<<<<

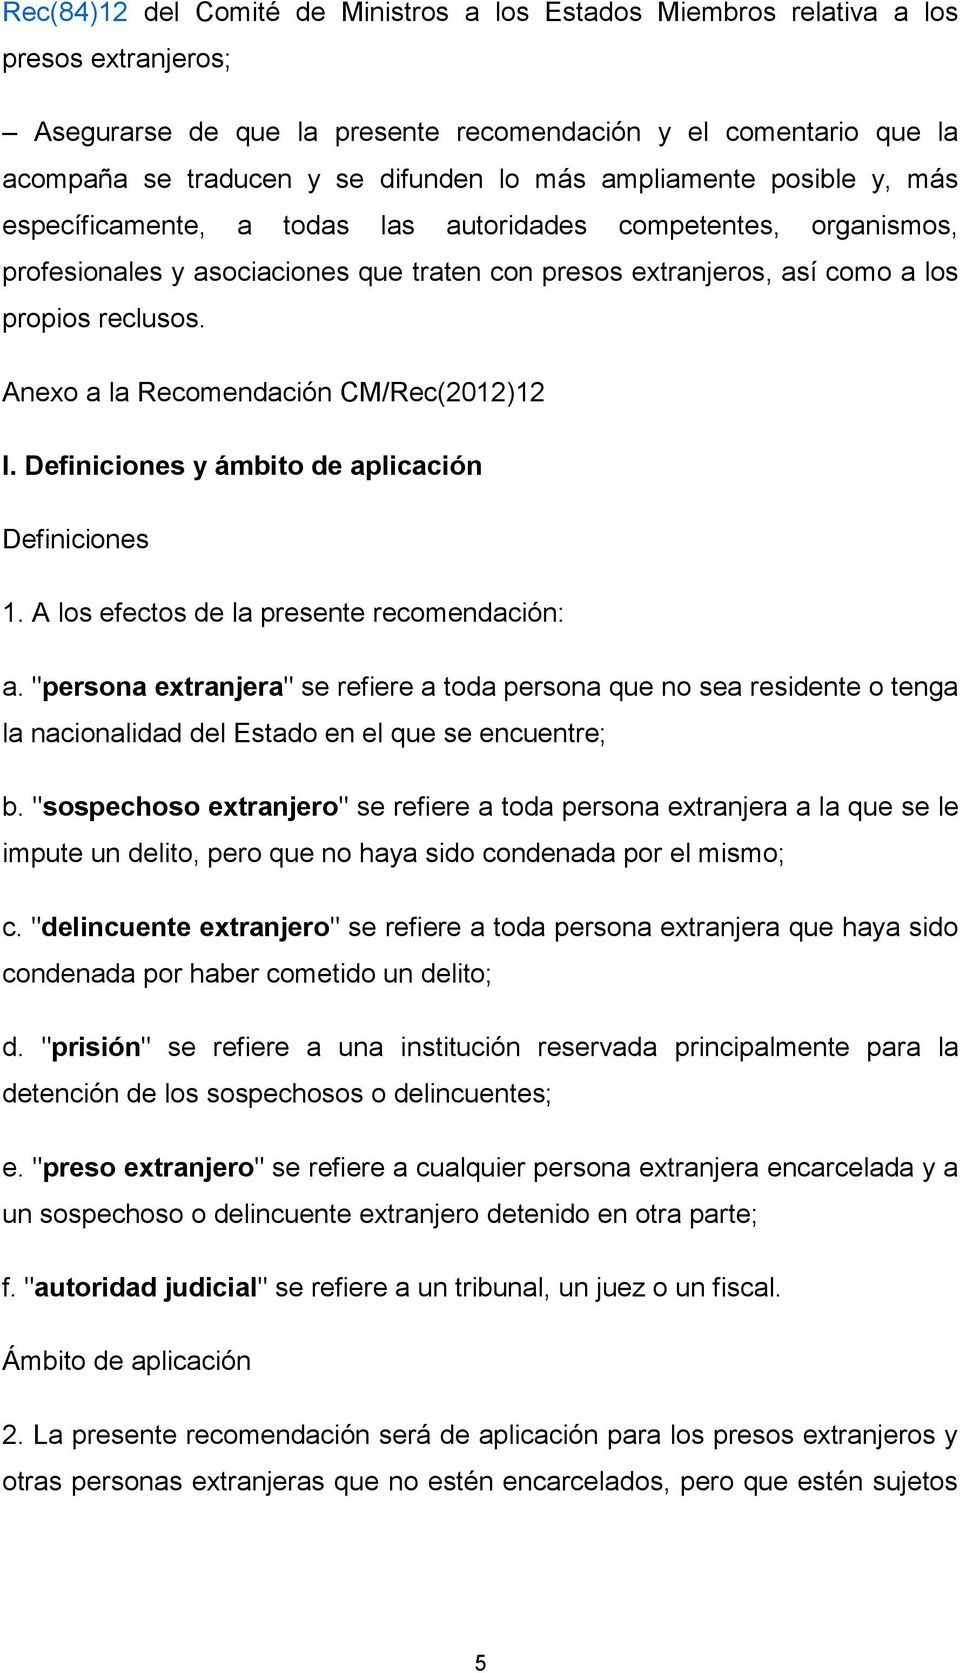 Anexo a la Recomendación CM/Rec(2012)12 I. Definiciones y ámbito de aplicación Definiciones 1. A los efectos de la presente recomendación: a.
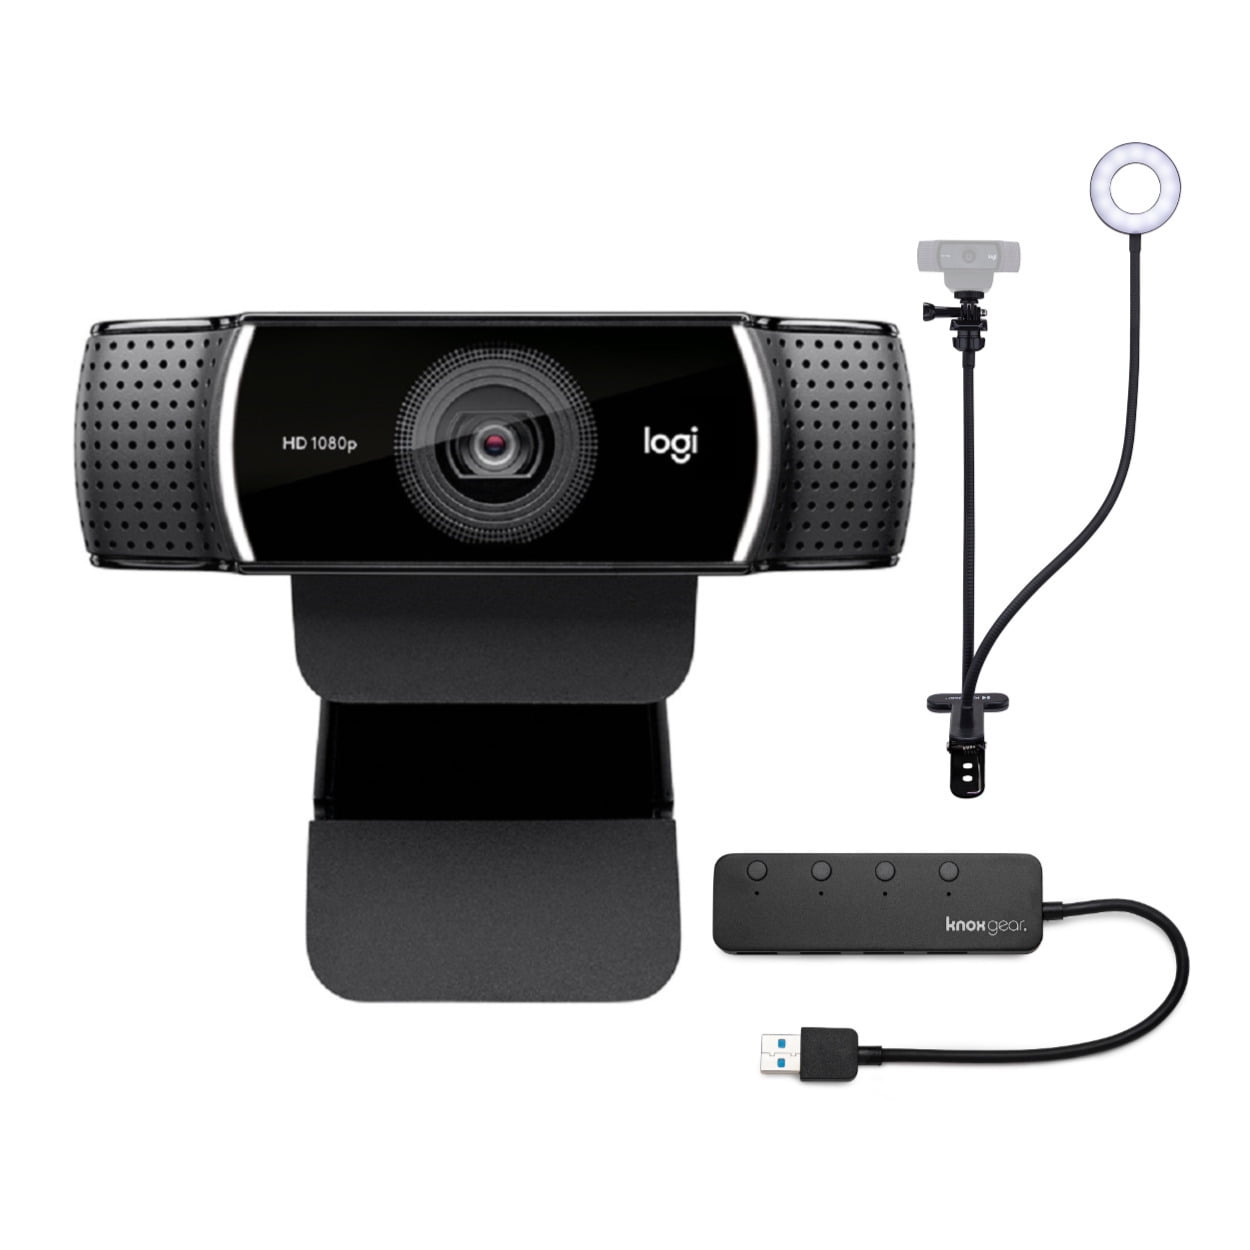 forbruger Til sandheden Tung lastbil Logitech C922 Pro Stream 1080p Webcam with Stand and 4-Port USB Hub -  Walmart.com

>>>>
<<<<

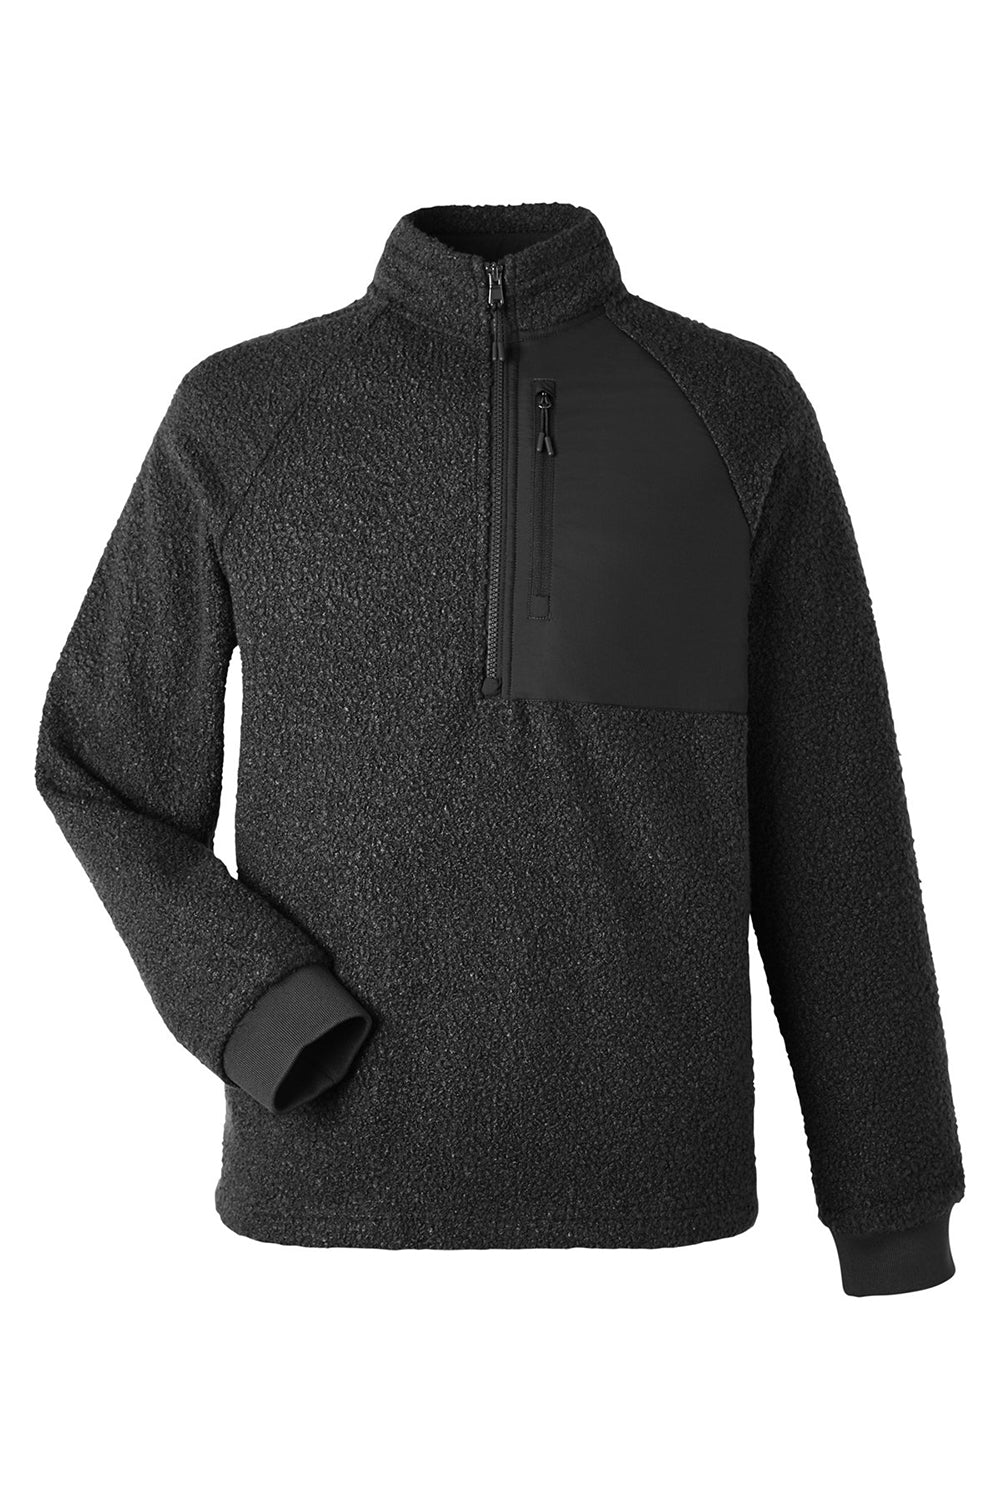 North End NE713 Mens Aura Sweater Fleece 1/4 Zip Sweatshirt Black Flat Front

>>>>

EXERCISE: Working from the entries above, reproduce exactly and only the lines beginning with the line that has "Anexo a la Recomendación" and ending with the line that has "forbruger Til sandheden"; omit all pictures.

TASK RESULT:
 Anexo a la Recomendación CM/Rec(2012)12 I. Definiciones y ámbito de aplicación Definiciones 1. A los efectos de la presente recomendación: a.
 forbruger Til sandheden Tung lastbil Logitech C922 Pro Stream 1080p Webcam with Stand and 4-Port USB Hub -  Walmart.com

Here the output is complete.